CPUs bauen wirklich ab. Mein alter E8600 (kein guter) lief anfangs mit 6100MHz. Jetzt macht er gerade noch so 5900MHz


----------



## theLamer (11. Juli 2009)

Eben.
@ KvD: Ich denke, du findest keinen E86er der bei 2V 10x gebencht wurde (mit nicht übertriebenen VTT- und PLL-Spannungen) und die 4 GHz noch mit der selben Spannung wie am Anfang mitmacht?


----------



## caine2011 (11. Juli 2009)

ich gehe davon aus dass das an der elektronenmigration liegt:
wenn eine cpu sich gut ocen lässt kann man davon ausgehen das die elektronen auf ihren bahnen("leitungen") bleiben ohne das fehlberechnungen auftreten, nur leider sorgt eben diese ocen für erhöhte elektronenmigration sodass dadurch die cpu zerstört wird auf lange sicht, genau das ist ja der grund weshalb alle sagen: oc verringert die lebensdauer
aber da finde ich 200mhz nicht so schlimm die sozusagen "verlorengehen"


----------



## der8auer (11. Juli 2009)

theLamer schrieb:


> Eben.
> @ KvD: Ich denke, du findest keinen E86er der bei 2V 10x gebencht wurde (mit nicht übertriebenen VTT- und PLL-Spannungen) und die 4 GHz noch mit der selben Spannung wie am Anfang mitmacht?
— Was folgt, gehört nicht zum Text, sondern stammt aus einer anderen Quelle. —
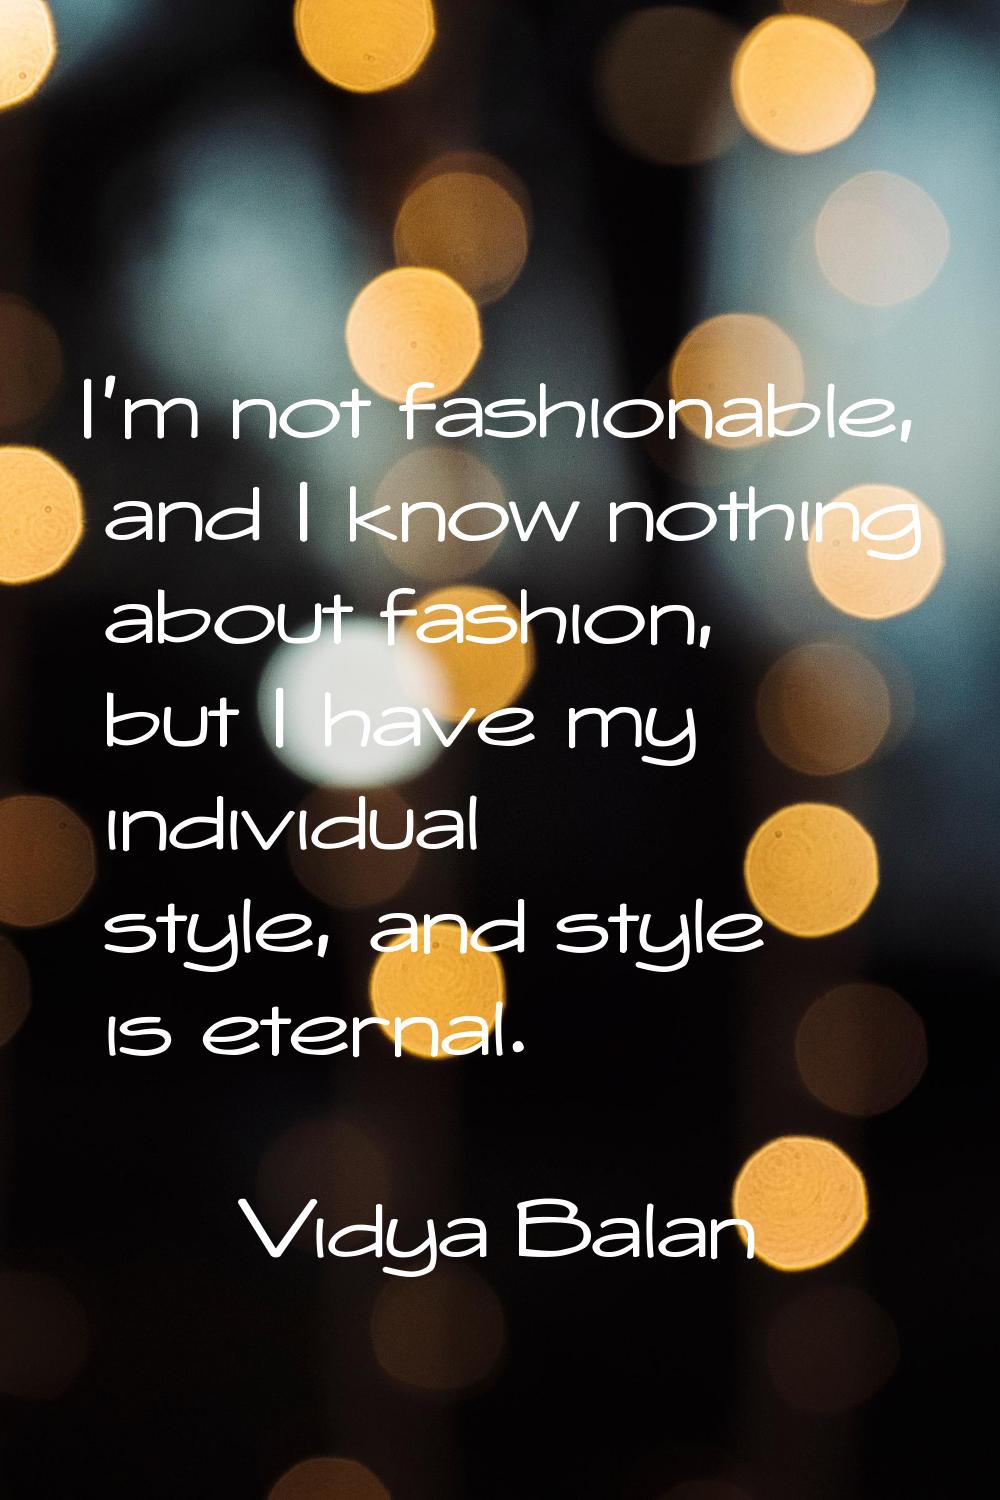 I'm not fashionable, and I know nothing about fashion, but I have my individual style, and style is
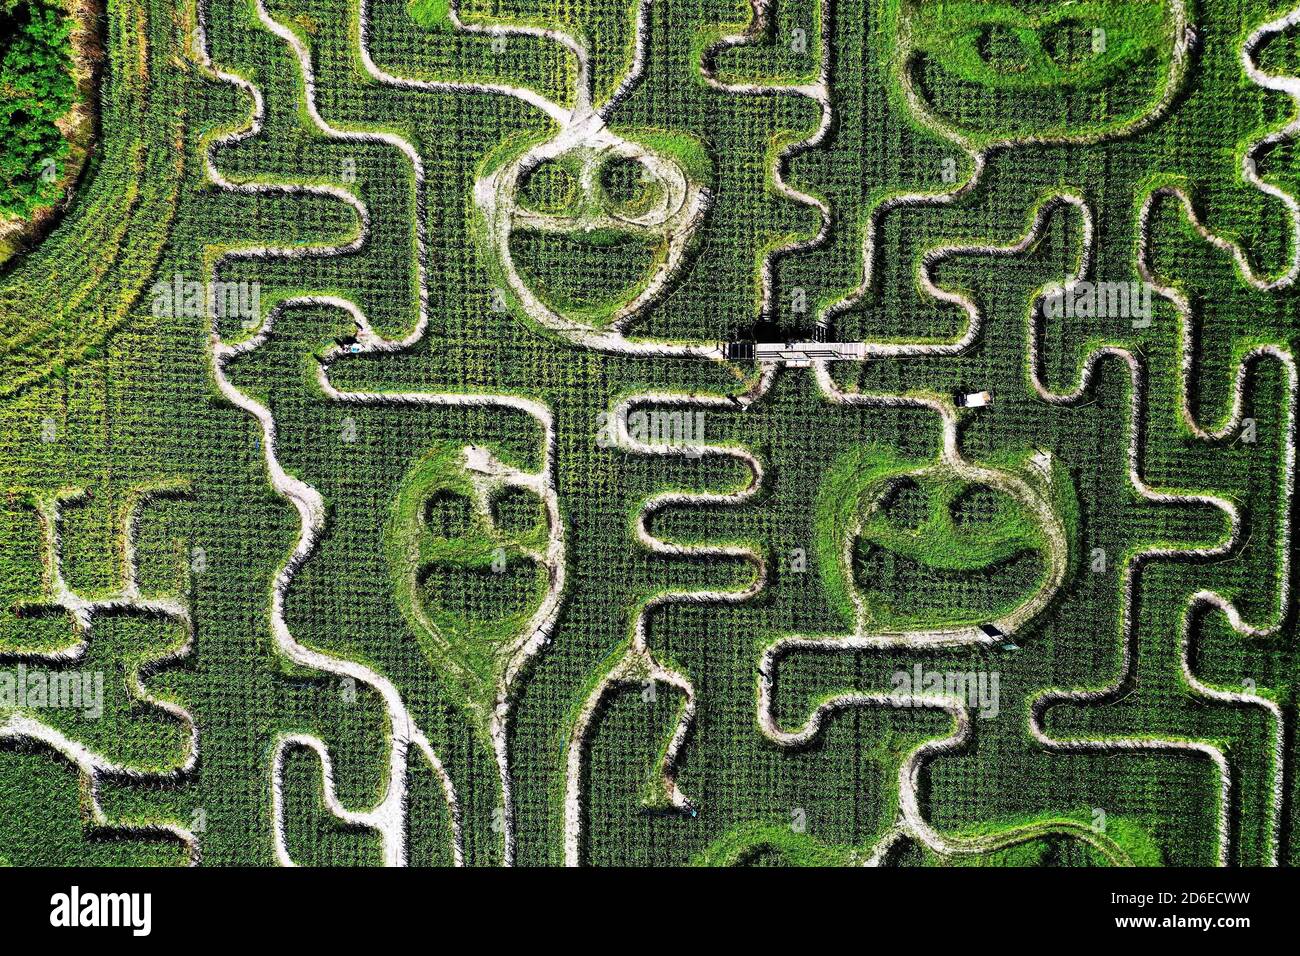 Mt. Dora, United States. 15th Oct, 2020. October 15, 2020 - Mt. Dora, Florida, United States - The annual fall corn maze is seen at Long and Scott Farms in this aerial view from a drone on October 15, 2020 in Mt. Dora, Florida. The theme for this yearÕs 6-acre maze, which is open with social distancing during the coronavirus pandemic, is 'Farm to Table.' Credit: Paul Hennessy/Alamy Live News Stock Photo

Ja die Masse machts dann einfach. Bei einmaligem Benchen wird man nicht viel merken. Meiner hat 7 Benchsessions hinter sich und wurde ordentlich gequält. Und das merkt man den CPUs dann auch an.


----------



## Kovsk (12. Juli 2009)

der8auer schrieb:


> CPUs bauen wirklich ab. Mein alter E8600 (kein guter) lief anfangs mit 6100MHz. Jetzt macht er gerade noch so 5900MHz


Jup, in dem Maße ist das auch normal  Wobei hier Ausnahmen auch die Regel bestätigen... ich denke da an Stummerwinters besten Q820A598, der hat locker schon 10 gar 15 Sessions erlebt und lief kürzlich beim neuen besitzer sogar mit nochmal 25MHz mehr durch den 01er


----------